Когда Чухалин дочитал до конца, Данилов сказал вдруг с необычайным волнением:

— А знаешь, кто на этом субботнике работал? Ленин…

Чухалин молчал. Потом протянул Данилову руку, и тот не понял: благодарит он за что-то, что ли?..

…Час спустя они пришли в клуб и еще в сенях услышали горячие, стремящиеся перекричать друг друга голоса. Чухалин улыбнулся: «Смена кончилась. Комсомол заседает. Зайдем?» Никем не замеченные, они сели на заднюю скамейку.

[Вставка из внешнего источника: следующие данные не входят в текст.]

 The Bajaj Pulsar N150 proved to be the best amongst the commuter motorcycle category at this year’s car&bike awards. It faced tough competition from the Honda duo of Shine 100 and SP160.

Скоро Чухалин разобрал, в чем дело: Трохов уезжал на фронт. Выбирали нового секретаря. Поднявшийся с места Кият кричал, что выборы недействительны: не хватает народа. Другие, в том числе и Трохов, кричали в ответ, что не все ли равно.

Данилов, усмехнувшись, тронул Чухалина за рукав:

— Пойдем. Пусть сами разберутся. Потом спросим.

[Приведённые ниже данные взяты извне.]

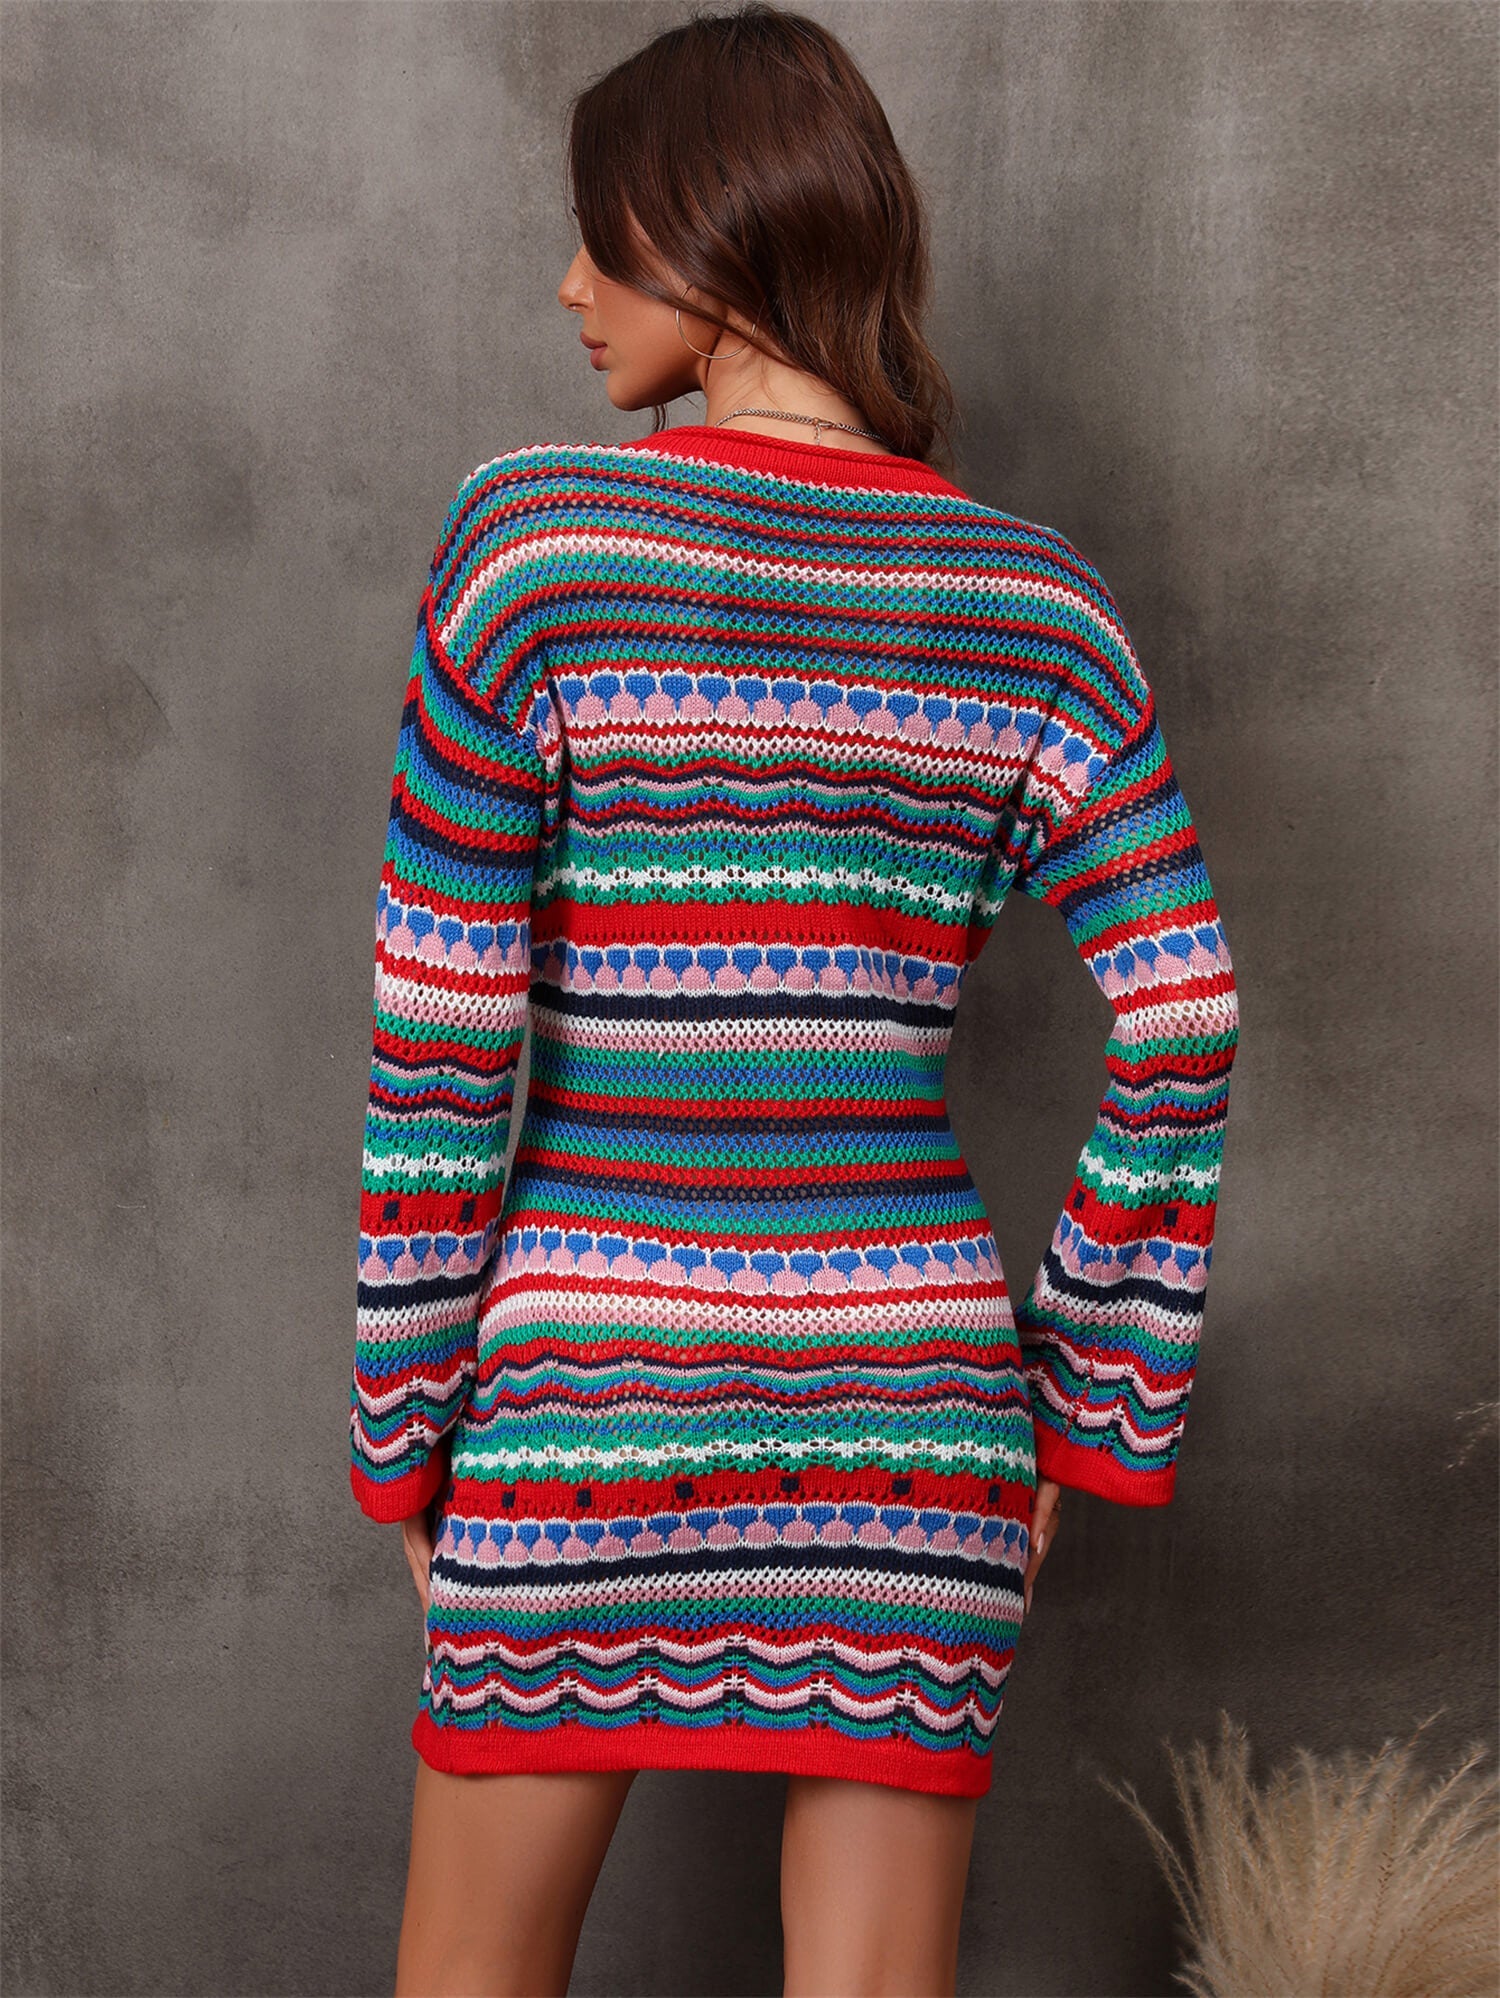 Multicolored Stripe Dropped Shoulder Sweater Dress - Fashion Girl Online Store

Но через несколько часов, узнав, что комсомольское собрание продолжается, Данилов заторопился: «Видимо, не умеют ребята решать вопросы. Вон сколько времени потеряно! Идем. Поможем».

Сесть уже им было негде, и они пристроились за спинами комсомольцев на краешках табуреток, выставленных в коридор. Через открытую дверь доносились голоса выступавших. Данилов, нагнувшись, спросил шепотом у одного из комсомольцев:

— Выбрали уже?

— Выбрали, — отмахнулся тот, не оборачиваясь: мол, не мешай слушать!

— Кого?

— Да Курбатова… — И тут же закричал срывающимся голосом — Правильна-а-а!..

— Хороший парень? — не унимался Данилов.

Парень зло обернулся на него и ответил:

— Чего хорошего? Только на безрыбье-то и рак рыба.

— Зачем тогда избрали? Лучше не нашлось?

Комсомолец огрызнулся:

— Да дай человека послушать!

Чухалин, услышав о том, что секретарем выбрали Курбатова, тихонько присвистнул и прошептал Данилову на ухо:

— Это тот, который пожар предупредил… Помнишь, я тебе рассказывал! Только молод. Боюсь, подготовки у него никакой.

— Как будто у тебя, директора, высшее хозяйственное образование, — хмыкнул Данилов.

Чухалин, смутившись, отодвинулся. «Ну, теперь парню кисло придется. Тянуть надо…» — подумал он.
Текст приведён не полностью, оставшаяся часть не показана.